Why You’ll Love This Recipe
This isn’t just any flatbread. It’s packed with a deliciously spiced potato and vegetable filling, making it a complete and satisfying meal. It’s perfect for a cozy weeknight dinner, a festive gathering, or even just a special treat for yourself. Plus, it’s surprisingly versatile – you can adjust the spice level and filling to your liking. It’s a fantastic way to enjoy a taste of India right in your own kitchen!
Ingredients
Here’s what you’ll need to make these amazing stuffed flatbreads:
- 175 ml lukewarm water
- 0.5 teaspoon sugar
- 1 teaspoon instant yeast
- 250 g all-purpose flour
- 1 tablespoon olive oil (plus 2 tablespoons for the filling)

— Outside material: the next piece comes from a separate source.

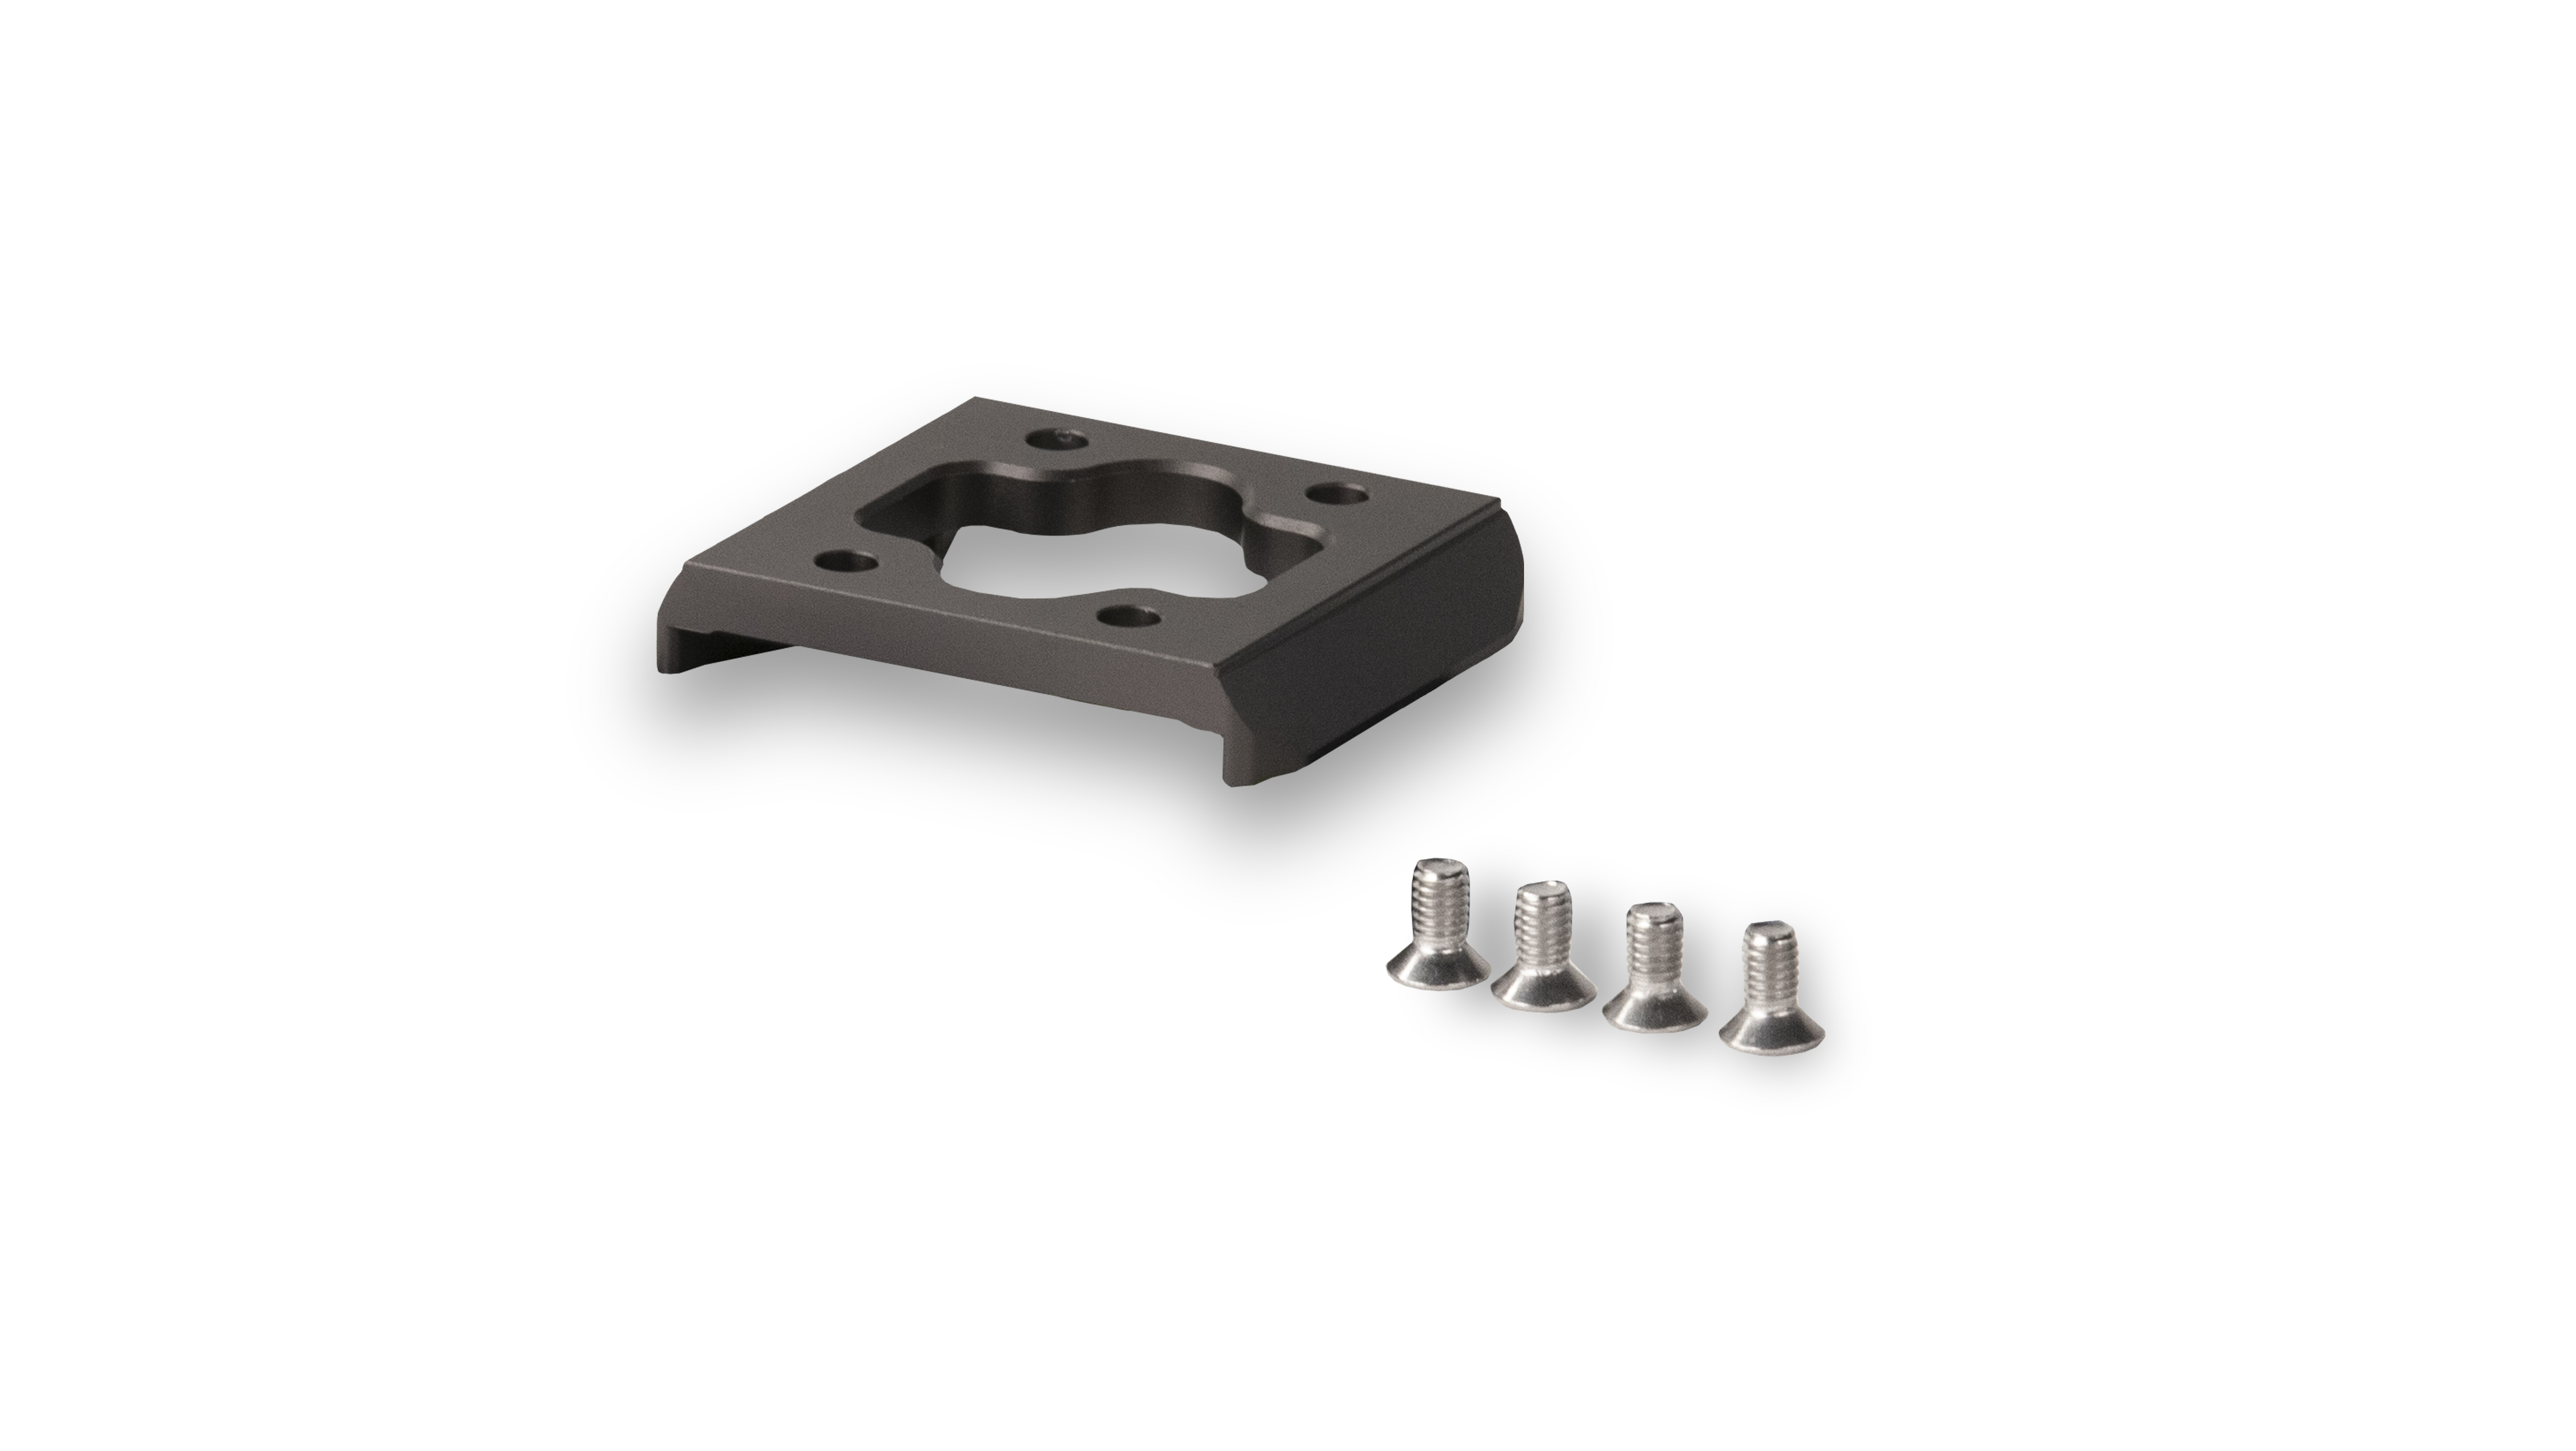 Tiltaing Manfrotto Quick Release Plate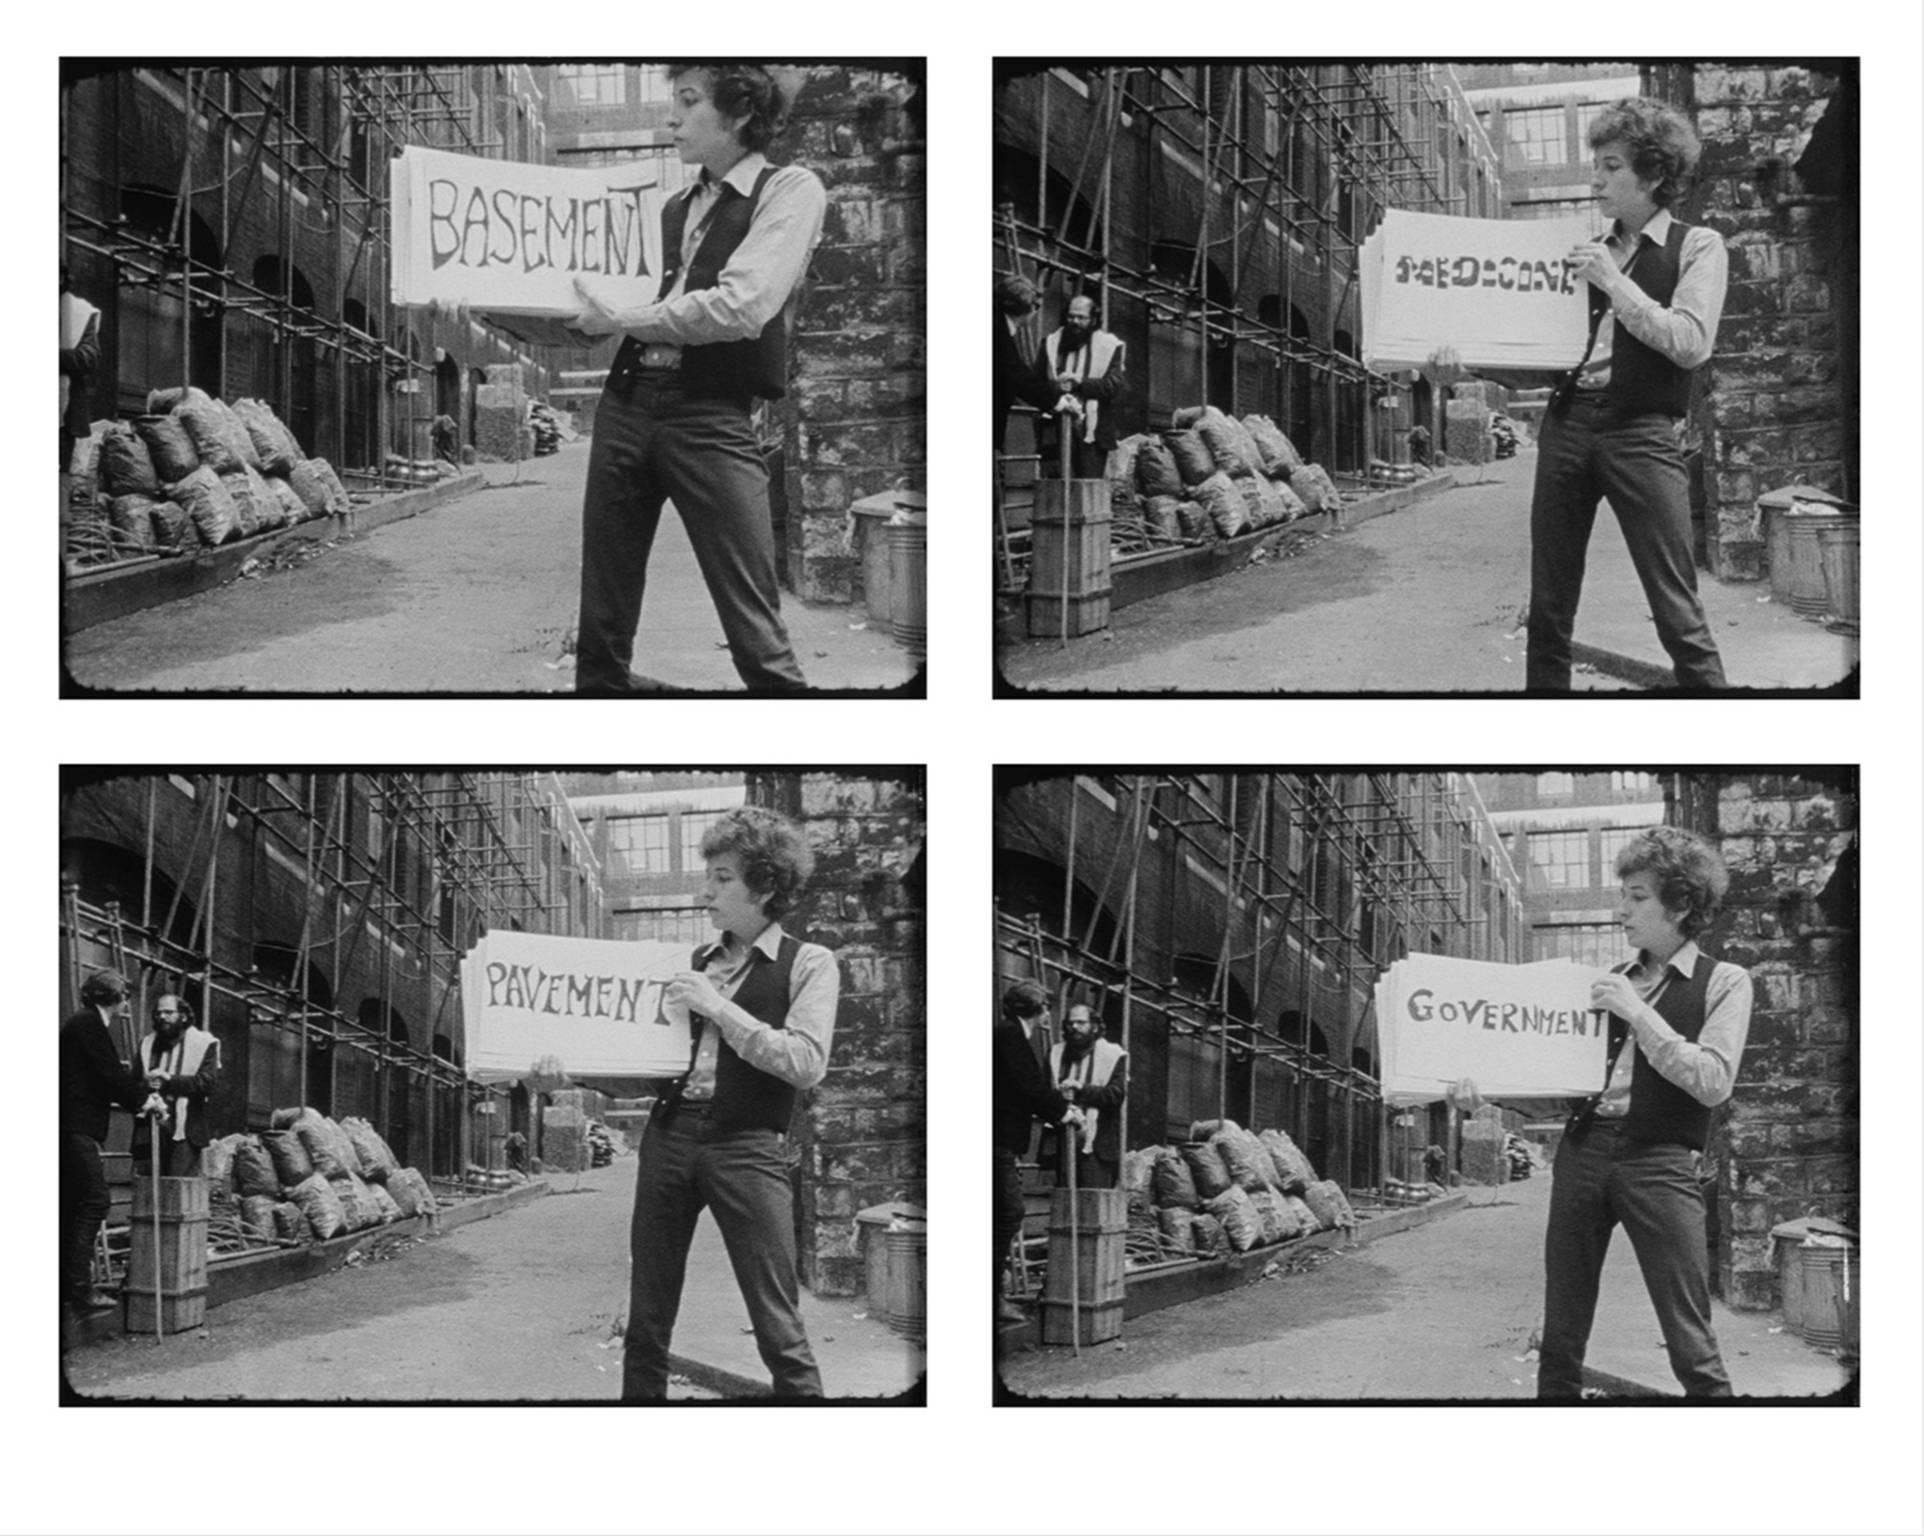 Bob Dylan in cue card scene from DONT LOOK BACK (quadtych) - Mixed Media Art by D.A. Pennebaker

- 1 teaspoon salt (plus 1 teaspoon for the filling)
- 4 potatoes
- 1 carrot
- 0.5 onion
- 0.5 green bell pepper
- 5 green onions
- 0.5 red bell pepper
- 1 tablespoon ginger-garlic paste
- 0.5 teaspoon garam masala
- 0.5 teaspoon red chili powder
- 1 teaspoon coriander seeds
- 1 teaspoon cumin seeds
- 0.5 teaspoon fennel seeds
- 0.5 lemon juice
- 2 tablespoons coriander leaves
Ingredient Notes
Let’s talk ingredients for a sec!
- Flour Power: I’ve used all-purpose flour here because it gives the flatbread a lovely soft texture. You can use whole wheat flour for a slightly nuttier flavor and added fiber, but the texture will be a bit denser. Feel free to experiment with a 50/50 blend!
- Spice is Nice: That blend of cumin, fennel, and coriander seeds? It’s the heart and soul of the flavor. Toasting them lightly before grinding (or using pre-ground) really brings out their aroma.
- Olive Oil Love: A little olive oil in the dough keeps it soft and pliable. And in the filling, it helps everything come together beautifully. You can substitute with vegetable oil if you prefer, but I find olive oil adds a lovely depth of flavor.
Step-By-Step Instructions
Alright, let’s get cooking!
- Dough Time: In a stand mixer (or a large bowl if you’re kneading by hand), combine the lukewarm water, sugar, and yeast. Let it sit for 5-10 minutes until foamy. Then, add the flour, olive oil, and salt. Mix until a smooth, elastic dough forms.
- First Rise: Lightly grease a bowl with oil, place the dough inside, and cover it. Let it rise in a warm place for about 60 minutes, or until doubled in size. This is when the magic happens!
- Filling Prep: While the dough is rising, let’s make the filling. Boil the potatoes until tender, then mash them.
- Sauté the Flavors: Heat 2 tablespoons of olive oil in a pan over medium heat. Add the cumin seeds, fennel seeds, and coriander seeds. Sauté for a minute until fragrant.
- Veggie Power: Add the chopped onions, carrot, green bell pepper, and red bell pepper to the pan. Cook until they start to soften, about 5-7 minutes. Then, stir in the ginger-garlic paste and cook for another minute.
- Spice it Up: Add the garam masala, red chili powder, and salt to the pan. Cook for another minute, stirring constantly.
- Combine & Finish: Add the mashed potatoes, lemon juice, chopped green onions, and coriander leaves to the pan. Mix everything well and cook for a few more minutes until heated through. Taste and adjust seasonings as needed.
- Roll It Out: Once the dough has doubled, punch it down gently. Divide it into two equal portions. Roll each portion into a thin circle, about 8-10 inches in diameter.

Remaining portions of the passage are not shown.